YOUR OBJECTIVE:
Where the records hold the string "Ideas", show the whole line it sits on.

Data items:
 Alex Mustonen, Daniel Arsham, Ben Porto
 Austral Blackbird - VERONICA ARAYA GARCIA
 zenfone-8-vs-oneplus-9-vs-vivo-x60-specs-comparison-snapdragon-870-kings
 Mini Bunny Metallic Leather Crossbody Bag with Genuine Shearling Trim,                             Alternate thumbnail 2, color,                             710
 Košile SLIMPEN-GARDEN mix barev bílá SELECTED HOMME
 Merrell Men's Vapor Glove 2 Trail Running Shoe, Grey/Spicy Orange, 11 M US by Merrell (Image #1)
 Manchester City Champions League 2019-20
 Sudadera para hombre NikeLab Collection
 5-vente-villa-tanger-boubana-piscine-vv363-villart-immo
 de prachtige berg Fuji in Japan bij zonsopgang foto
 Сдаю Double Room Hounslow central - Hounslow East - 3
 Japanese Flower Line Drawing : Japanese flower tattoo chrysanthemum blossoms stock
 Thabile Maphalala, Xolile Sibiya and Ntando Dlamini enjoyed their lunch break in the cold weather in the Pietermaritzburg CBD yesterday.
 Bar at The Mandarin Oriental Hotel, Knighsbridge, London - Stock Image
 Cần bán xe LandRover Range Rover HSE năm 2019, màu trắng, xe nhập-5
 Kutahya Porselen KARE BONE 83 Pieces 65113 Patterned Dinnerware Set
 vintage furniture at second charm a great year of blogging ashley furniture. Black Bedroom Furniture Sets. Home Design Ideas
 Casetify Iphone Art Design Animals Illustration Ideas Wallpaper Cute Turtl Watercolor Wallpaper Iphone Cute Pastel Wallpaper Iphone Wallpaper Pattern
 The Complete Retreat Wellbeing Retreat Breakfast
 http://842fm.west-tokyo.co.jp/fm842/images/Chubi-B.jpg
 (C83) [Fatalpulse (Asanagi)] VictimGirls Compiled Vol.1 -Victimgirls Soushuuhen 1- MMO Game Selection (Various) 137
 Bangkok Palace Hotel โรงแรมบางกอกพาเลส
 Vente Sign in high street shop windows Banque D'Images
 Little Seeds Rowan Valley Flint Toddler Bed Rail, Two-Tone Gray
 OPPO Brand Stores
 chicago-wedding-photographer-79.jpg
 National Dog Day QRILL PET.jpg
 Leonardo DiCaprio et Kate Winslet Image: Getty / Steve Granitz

REPLY:
 vintage furniture at second charm a great year of blogging ashley furniture. Black Bedroom Furniture Sets. Home Design Ideas
 Casetify Iphone Art Design Animals Illustration Ideas Wallpaper Cute Turtl Watercolor Wallpaper Iphone Cute Pastel Wallpaper Iphone Wallpaper Pattern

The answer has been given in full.